早くこの場から去りたいけれど、これはお礼だから。
「……あの、これからどうするんですか?」
「そうだなぁ。僕は朝まで、ううんずっと君と一緒にいたいと思っているよ」
さらりと言う総助の言葉に、聖璃架は仰天する。
ずっとって? そんなの冗談じゃない。
「君はどうしたい?」
「……えっと」
――帰りたいなんて、言ったらいけないよね。お礼だし。どうしよう…………
俯く聖璃架を見て、総助は口を開く。
「僕ならもう始めてもいいけど?」
「え、何をですか?」
聖璃架に問われて、総助はため息をつく。
「決まってるだろ。セックス」
それを聞いて、聖璃架はぽかんとしてしまった。
「まさか、その気ないとか言わないだろ? 君がお礼するって言ったんだから」
…………何を言ってるの?
暗闇でもはっきり見える総助は勿論笑顔だが、紡がれる言葉が怖くて聖璃架は震え始めた。

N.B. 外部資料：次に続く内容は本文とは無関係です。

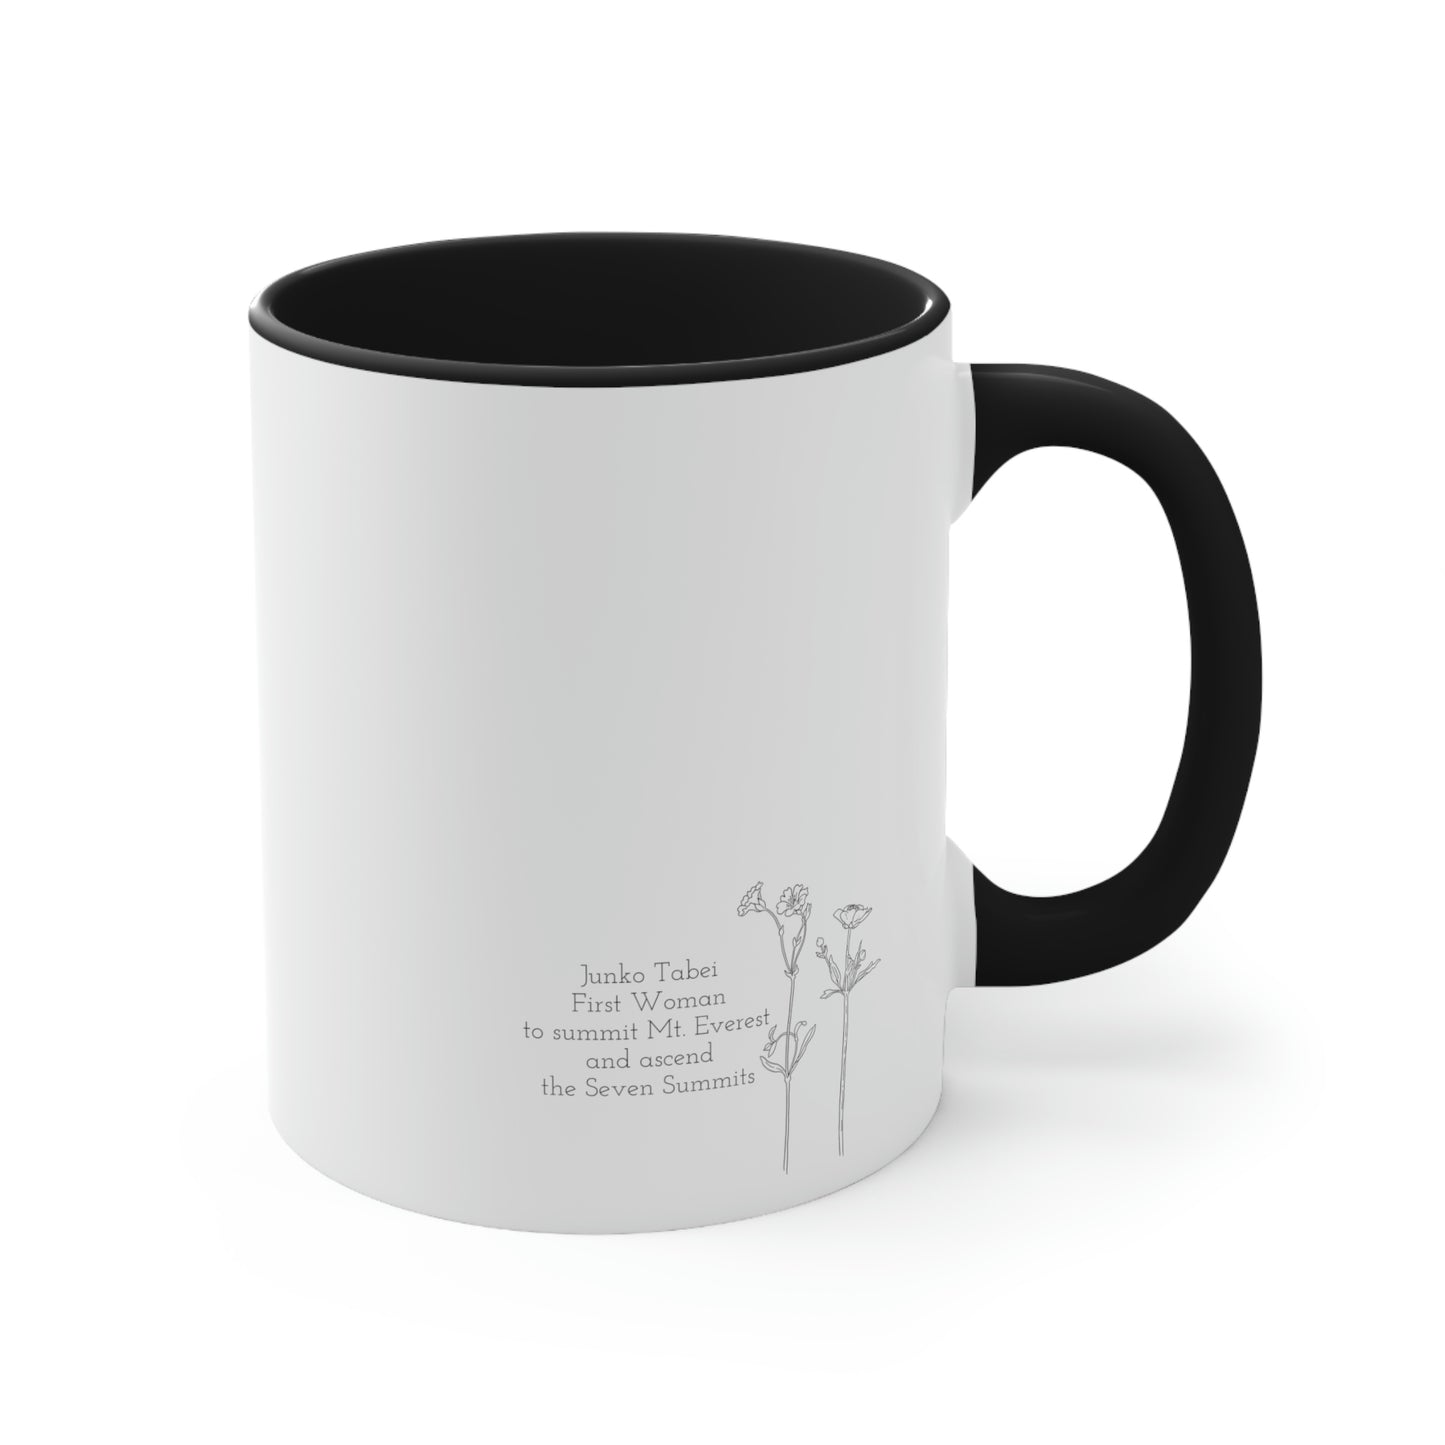 "Willpower that is most important" Accent Coffee Mug, 11oz

それが伝わったのか、手を握る総助の力が逃がさないと言わんばかりに強くなって聖璃架は竦む。
聖璃架の額から冷や汗が流れて、動悸が一層激しくなって心臓がどくんどくんと脈打つ。
――嫌だ。
怖いのに総助から視線を反らせない。総助の笑顔の迫力は、まるで凶器のように自分を射抜いてくる。

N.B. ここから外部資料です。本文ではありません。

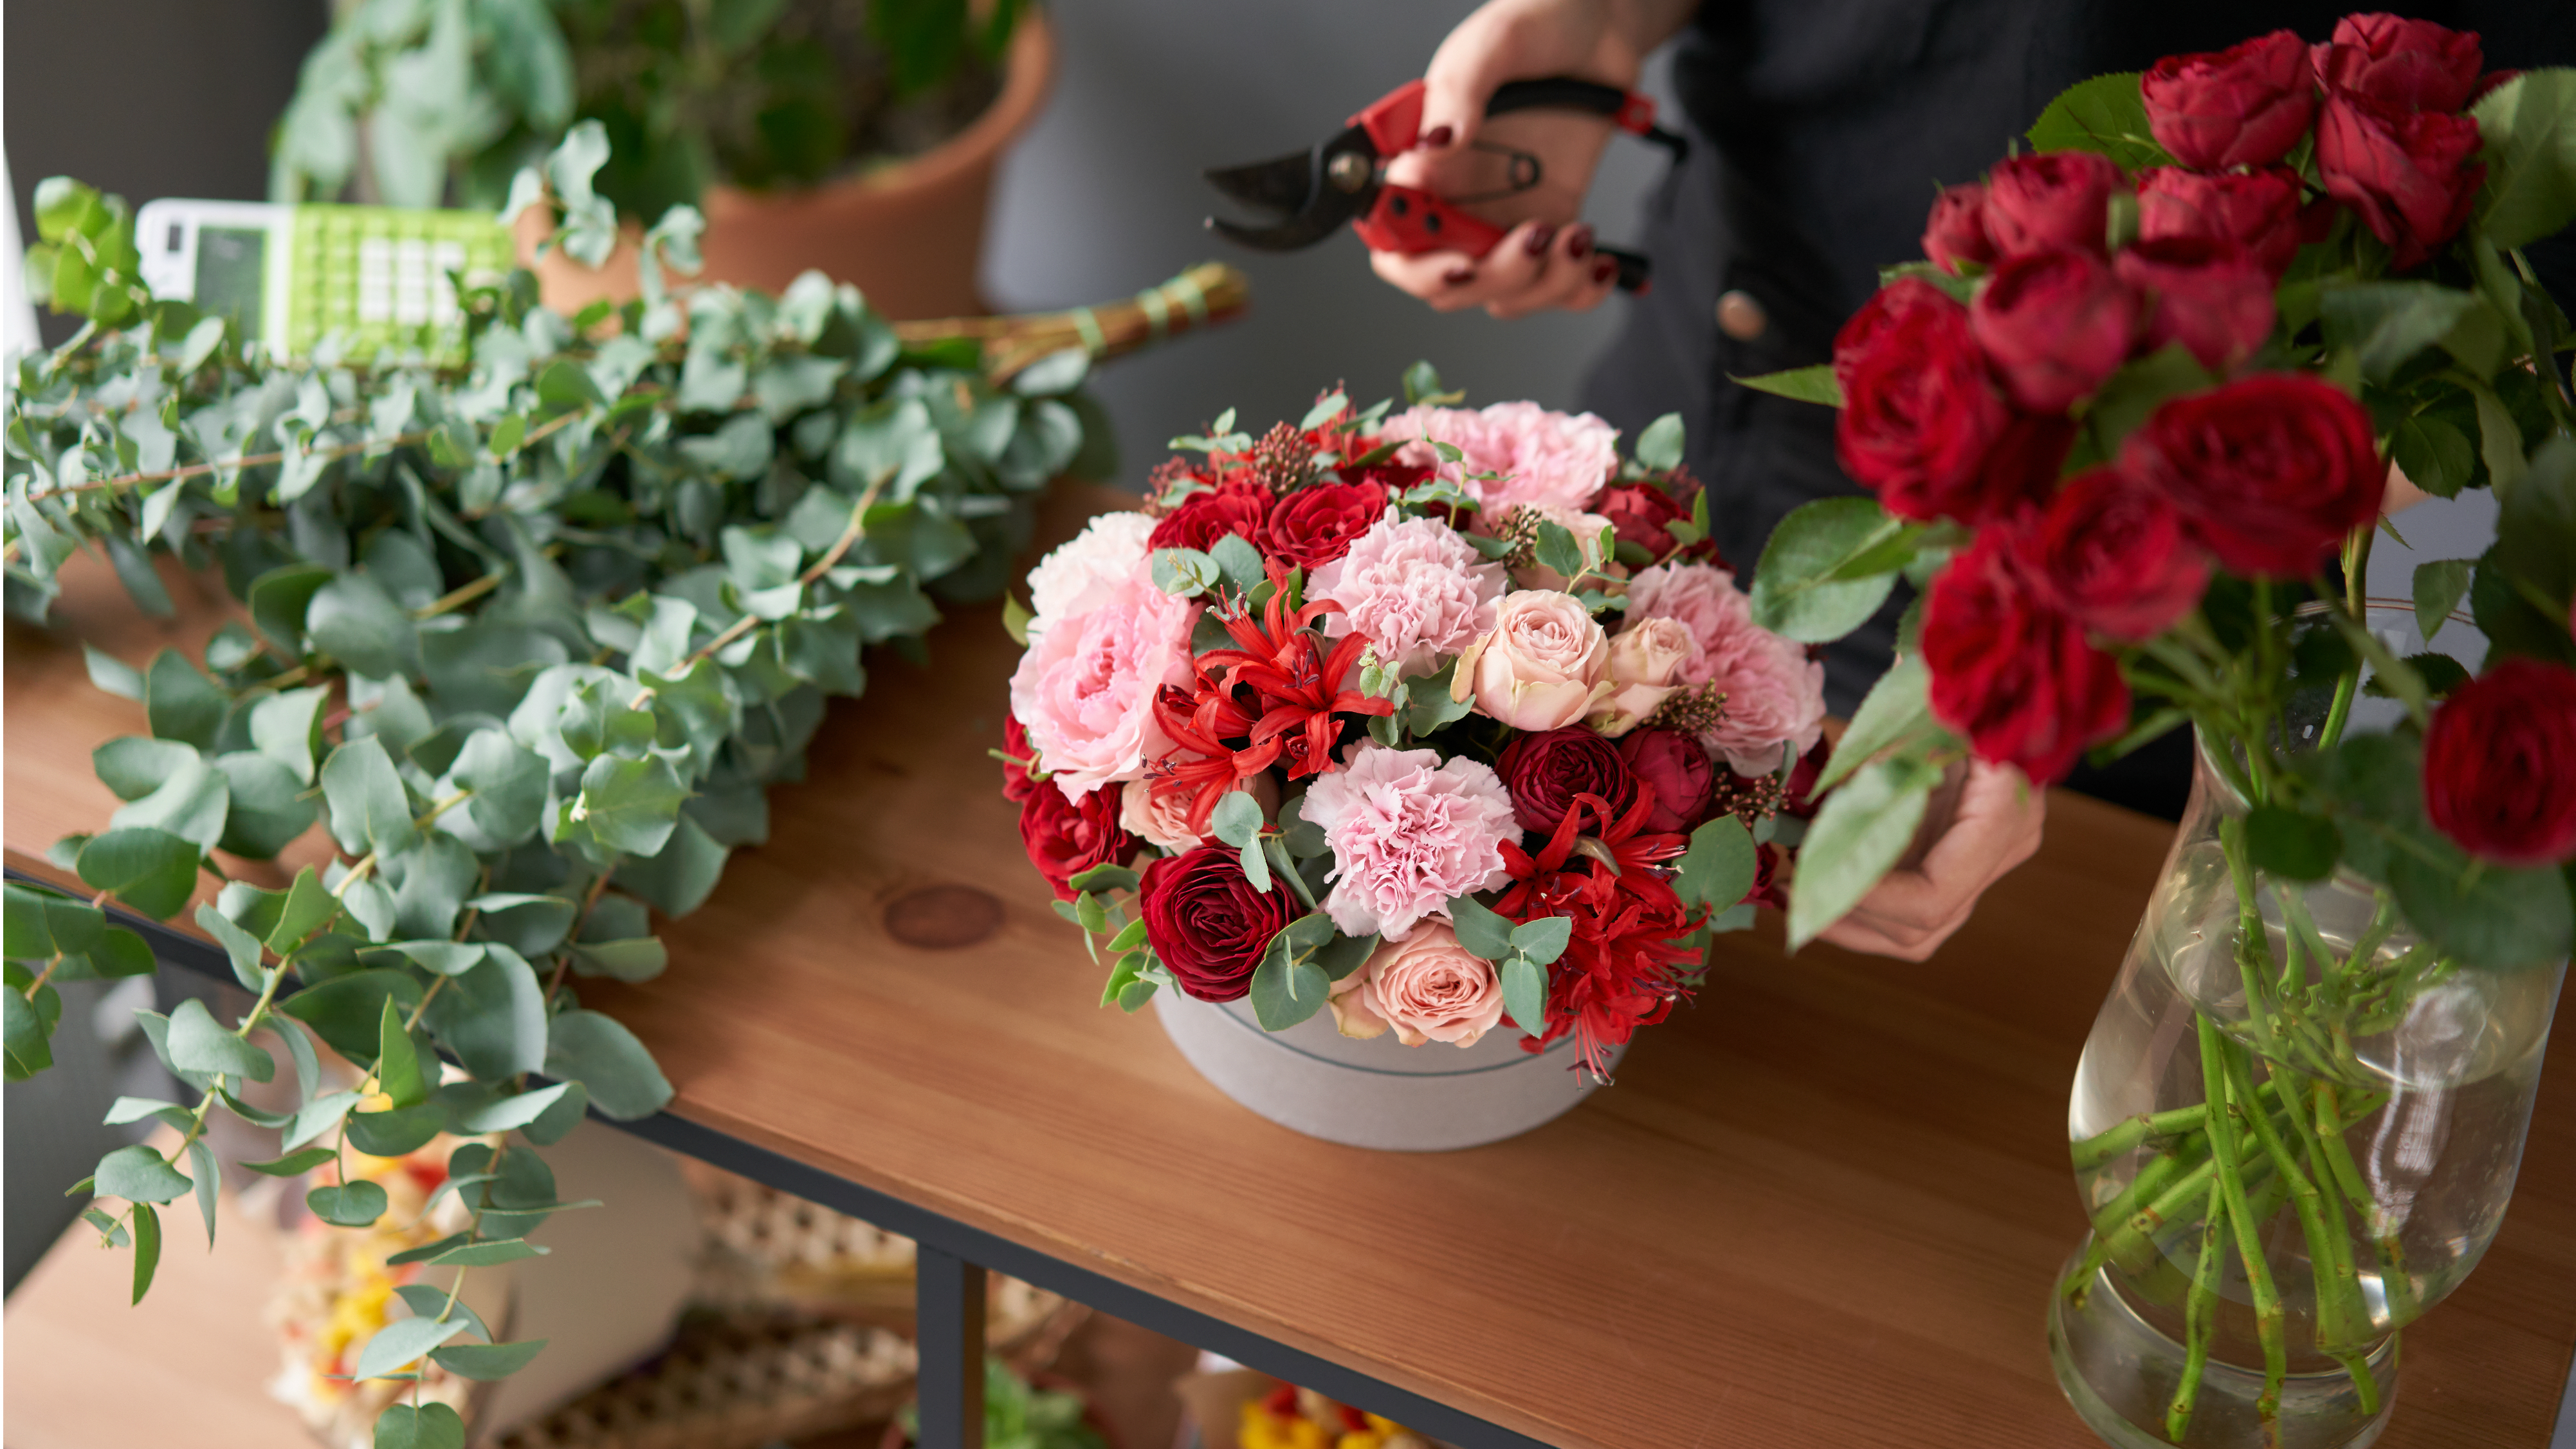 How Important is Timely Flower Delivery?

すると総助の顔が迫ってきて、自分の唇を塞いだ。聖璃架が目を見開くと総助の体に電流が走った。
総助の手の力が緩んで、聖璃架は後退して離れる。
顔を伏せてぴくりとも動かない総助が、聖璃架はまた怖くて。
「……あの、大丈夫ですか」
聖璃架が尋ねたのと、総助が腰の刀の柄に手を掛けたのは同時だった。
総助のさら、とした前髪の合間から冷えた目が覗いた瞬間――聖璃架の腹部が裂けて、血飛沫が舞った。
「――ッ……」
聖璃架の表情が歪んで、両手で腹を押さえてよろめく。
止め処なく溢れてくる血のぬる、とした感触が腹部に広がって、手では押さえきれない。
強烈な激痛に呼吸が乱れて、立っているのがやっと。だがそれも長くは続かない。もう無理そうだ。
総助は刀を一振りして血を払うと、静かに鞘に収めた。
「あーあ。君だけは斬りたくなかったのに、君が悪いんだよ」
と言う総助の表情は笑顔に戻っていたが、恐ろしかった。
雲が流れて月が出て、浜辺を差す月明かりの下、聖璃架は力なく倒れ込んだ。
――――聖璃架。
ずっと頭にあるのは、それだけだ。
あの娘、いつの間に俺を支配しやがった。
あれからも苛立ちは治まらねェ。寧ろ強くなりやがった。腹の底で滾るこれはなんなんだ。この島に来たせいでいかれちまったのか。――それかあの娘が俺に何かしやがったのか。
今頃総助と何をしているのか、そればかり考えてしまっている。
夜空を仰いで煙草の煙を吐いた歳朗は、気配を感じ取って振り向く。総助だった。
「――おまえ」
「フラれちゃいましたよ」
開口一番で総助に言われて歳朗は呆気に取られたが、思わず口元が緩んで煙草を落としてしまった。はっとして咳払いする。
「……そりゃ残念だったな」
「ええ、腹いせに斬りました」
「おい、笑えねェ冗談だ」
嘘のように苛立ちが治まった。何故だ。
そして今は、嬉しいと思っている。
特に気落ちした様子もなく自分を横切った総助からは、嗅いだ事もない匂いがした。